# DATA BELOW
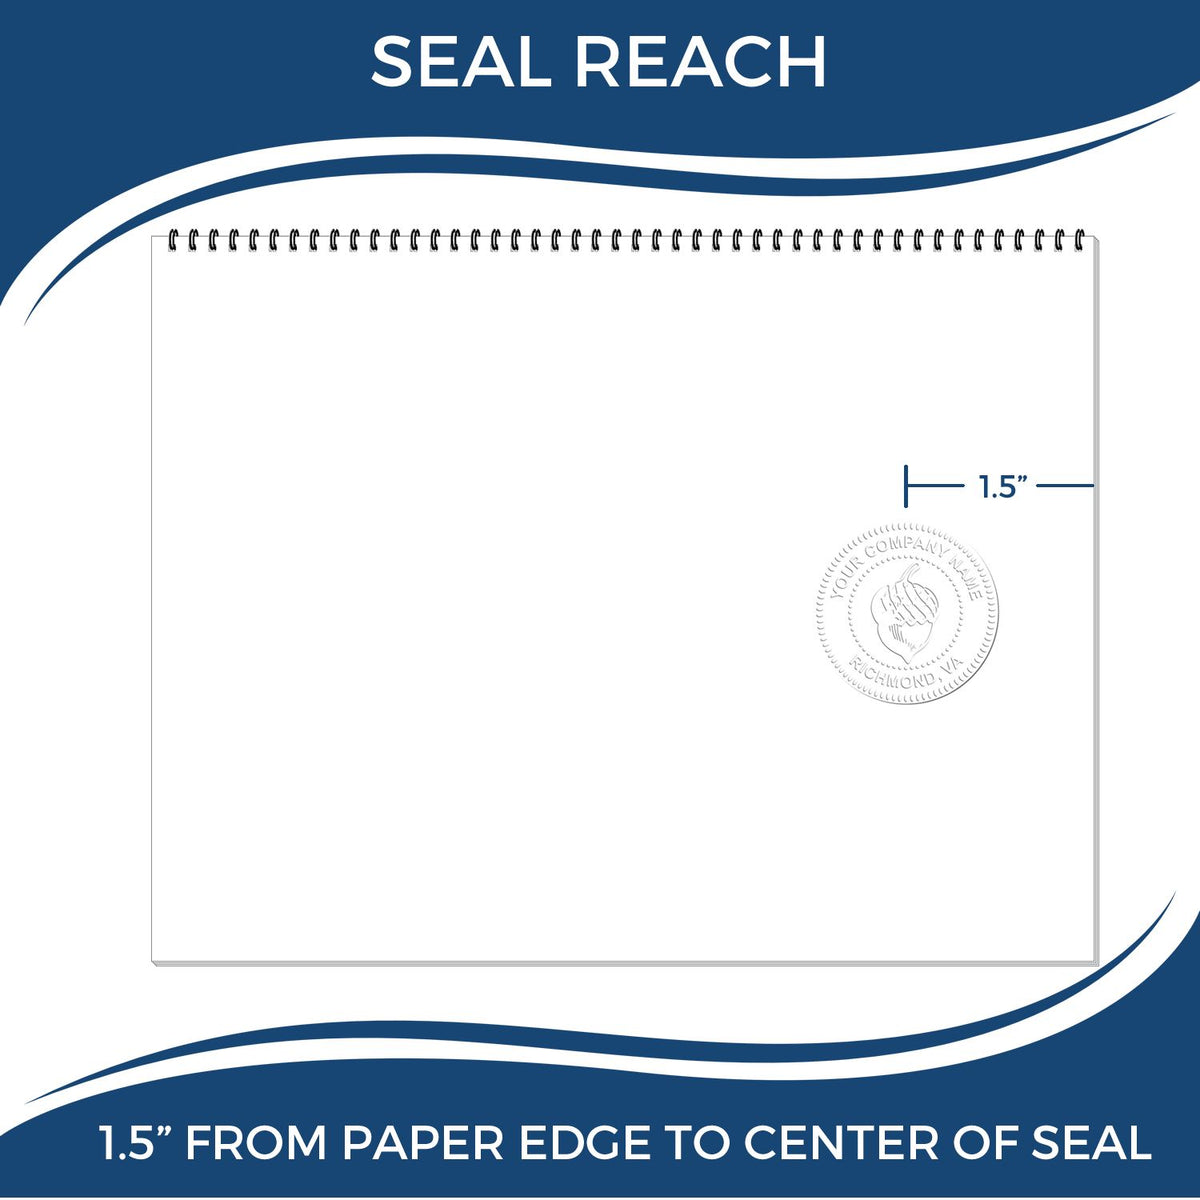 An infographic showing the seal reach which is represented by a ruler and a miniature seal image of the Soft New Hampshire Professional Engineer Seal
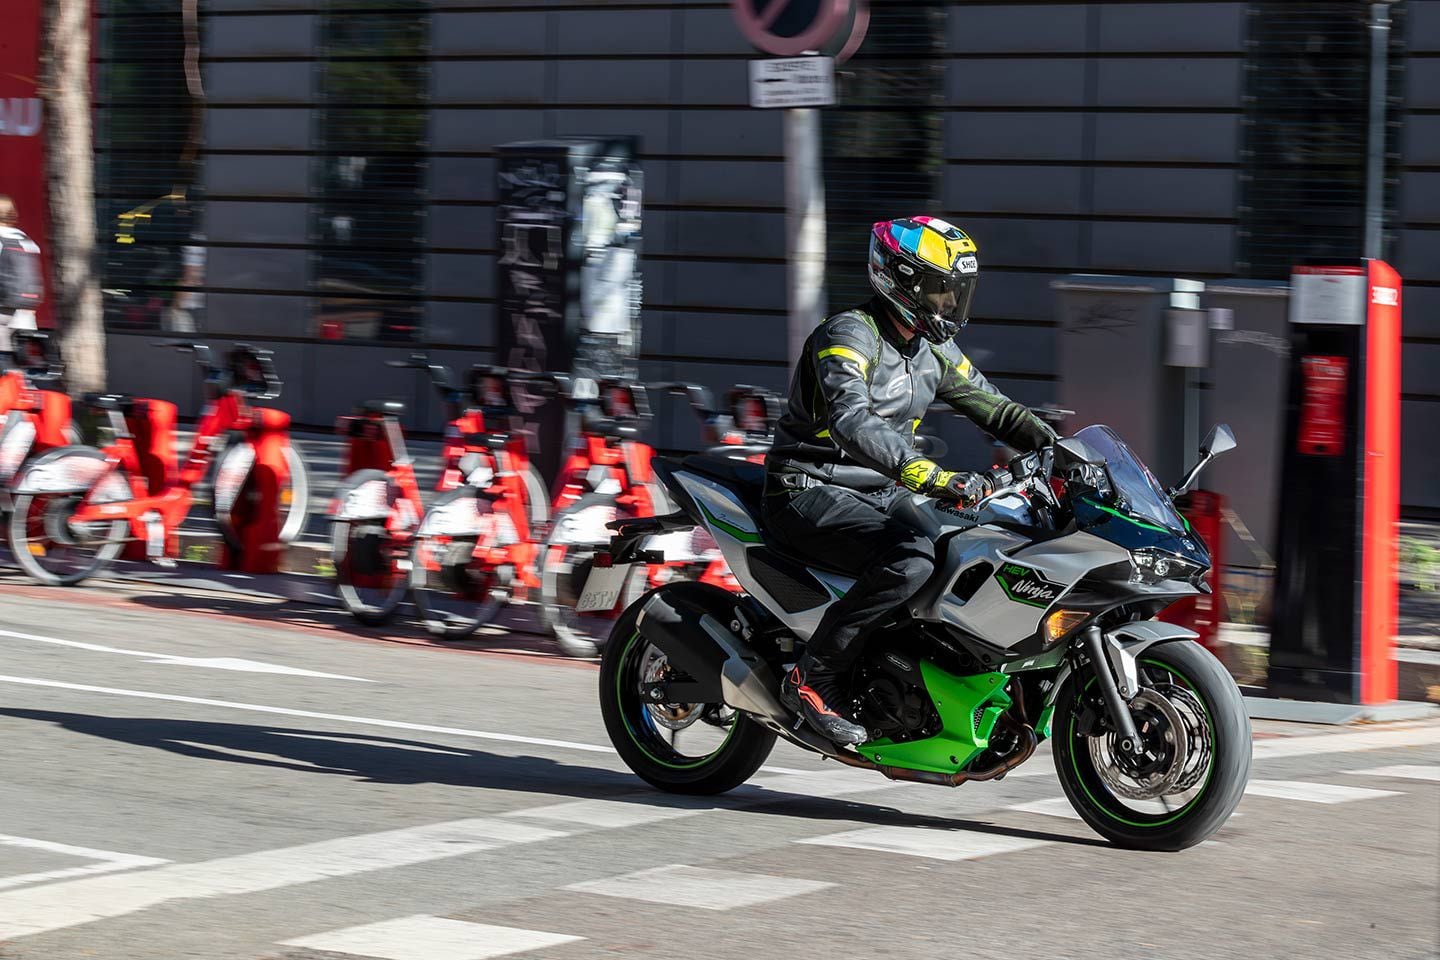 There are a lot of solutions for getting around town, especially in large city centers with vehicle regulations. Kawasaki thinks hybrids offer a unique alternative.
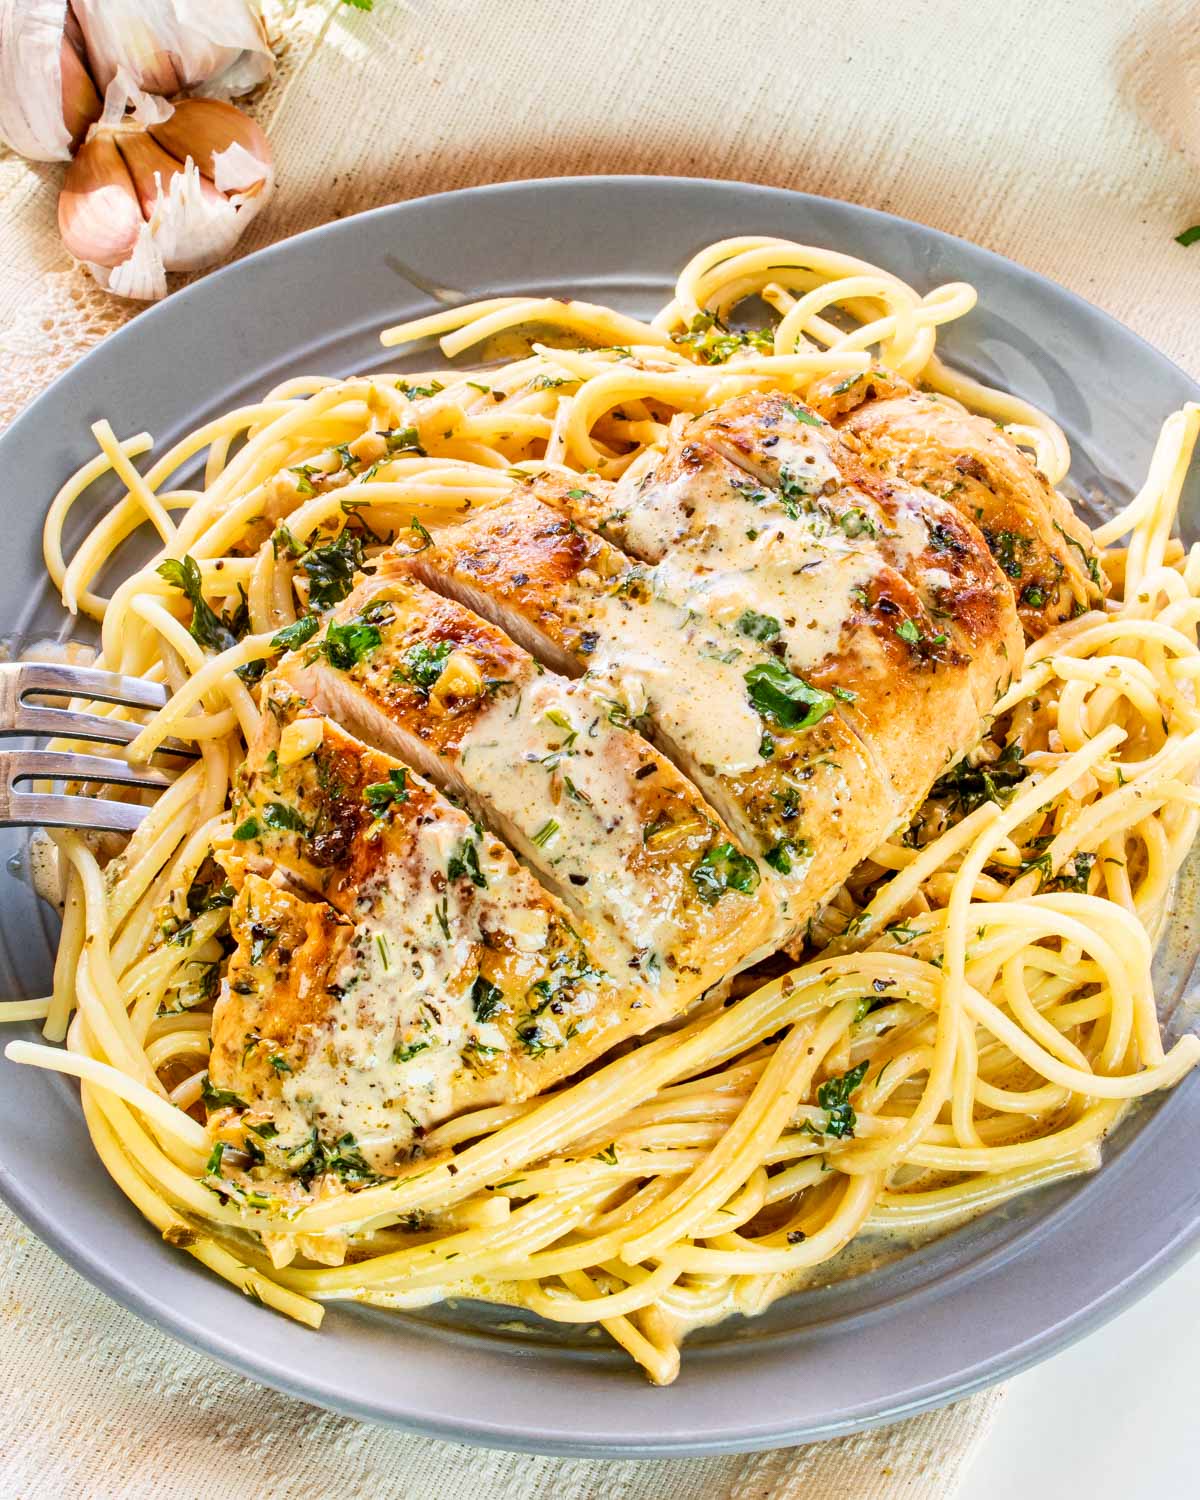 creamy herb chicken breast sliced up on a bed of spaghetti.
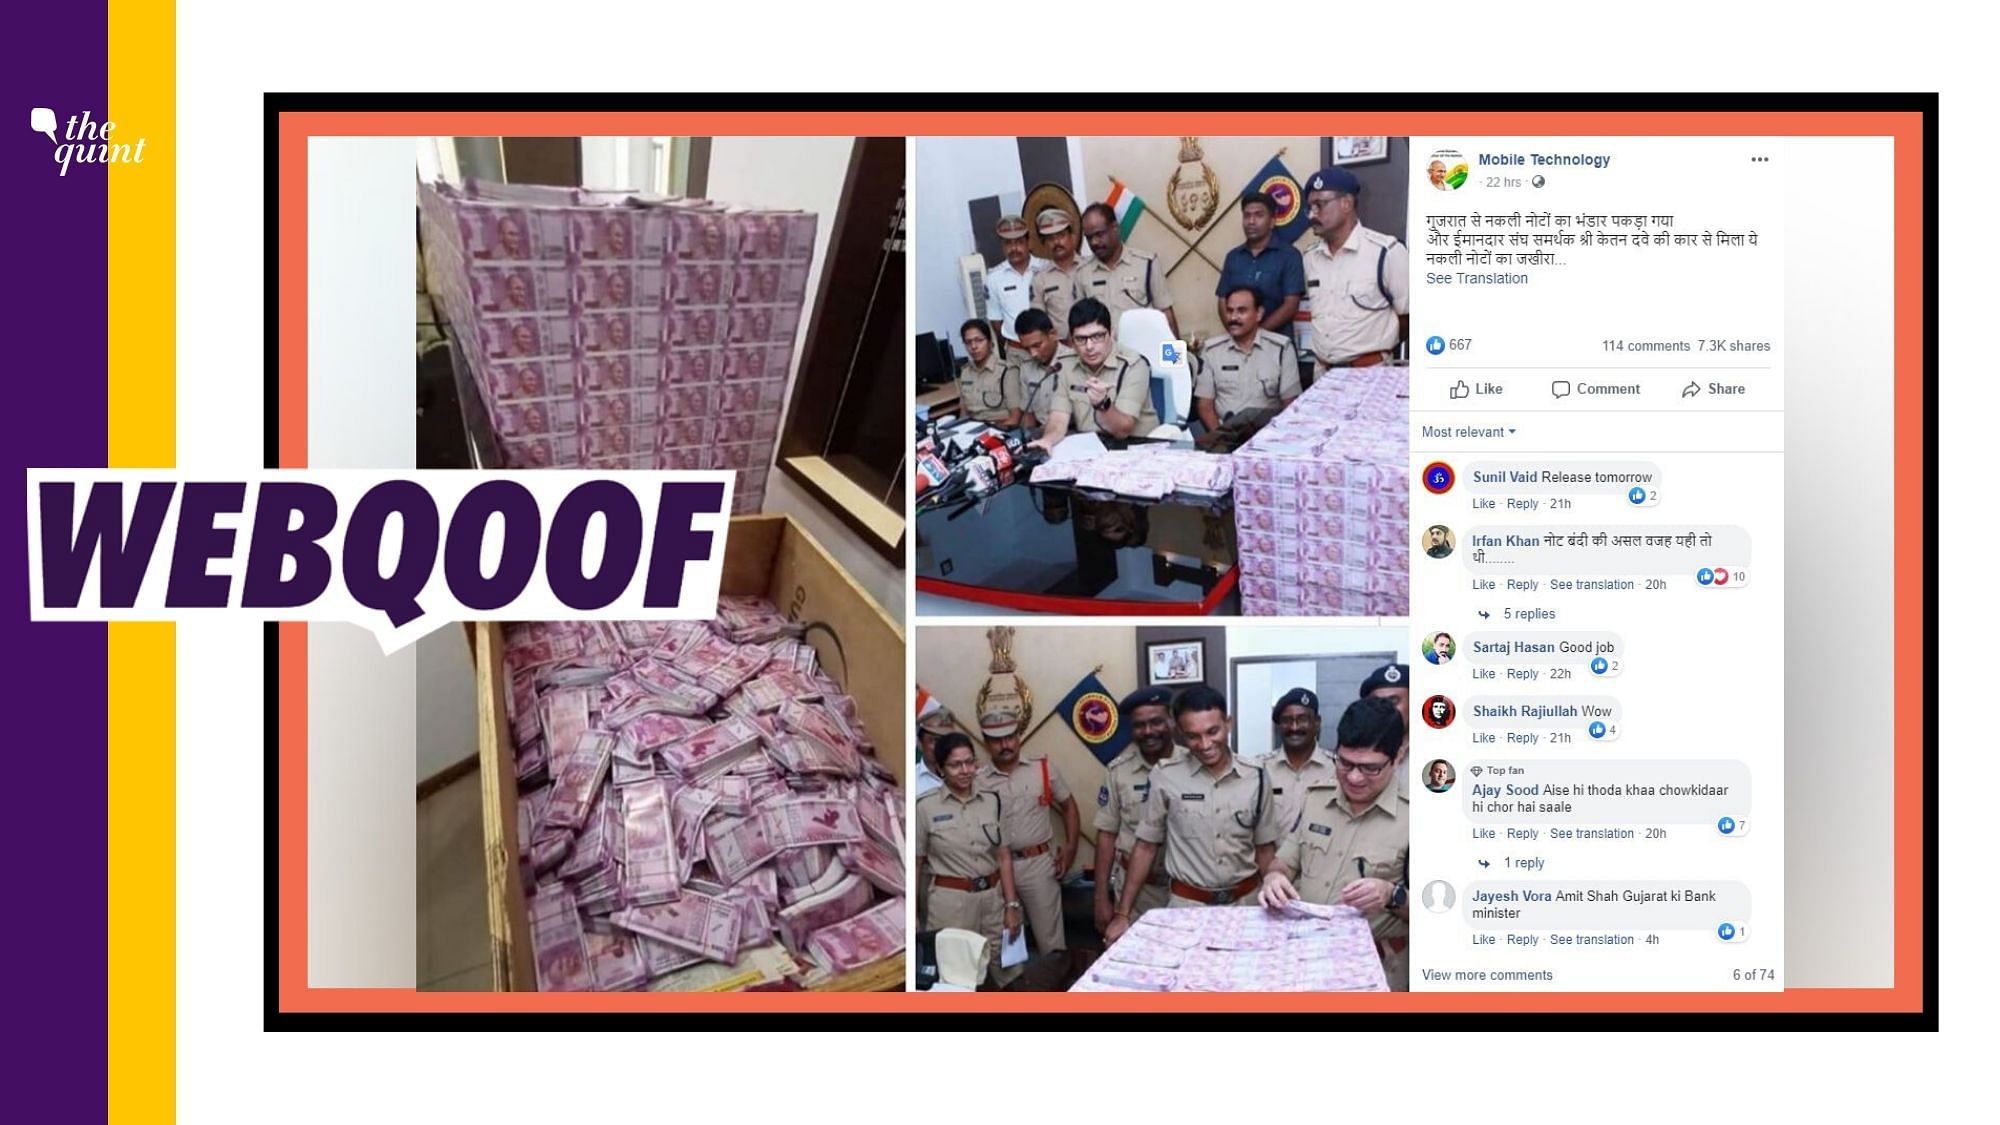 In reality, the images show Telangana Police, who had busted an interstate gang which was involved in circulating fake Rs 2,000 notes.

# WHAT IS BEING ASKED
The line containing "creamy herb chicken" marks the start: set down exactly that line and every line after it through the last line of the data, without any pictures.

# EXERCISE RESPONSE
 creamy herb chicken breast sliced up on a bed of spaghetti.
 In reality, the images show Telangana Police, who had busted an interstate gang which was involved in circulating fake Rs 2,000 notes.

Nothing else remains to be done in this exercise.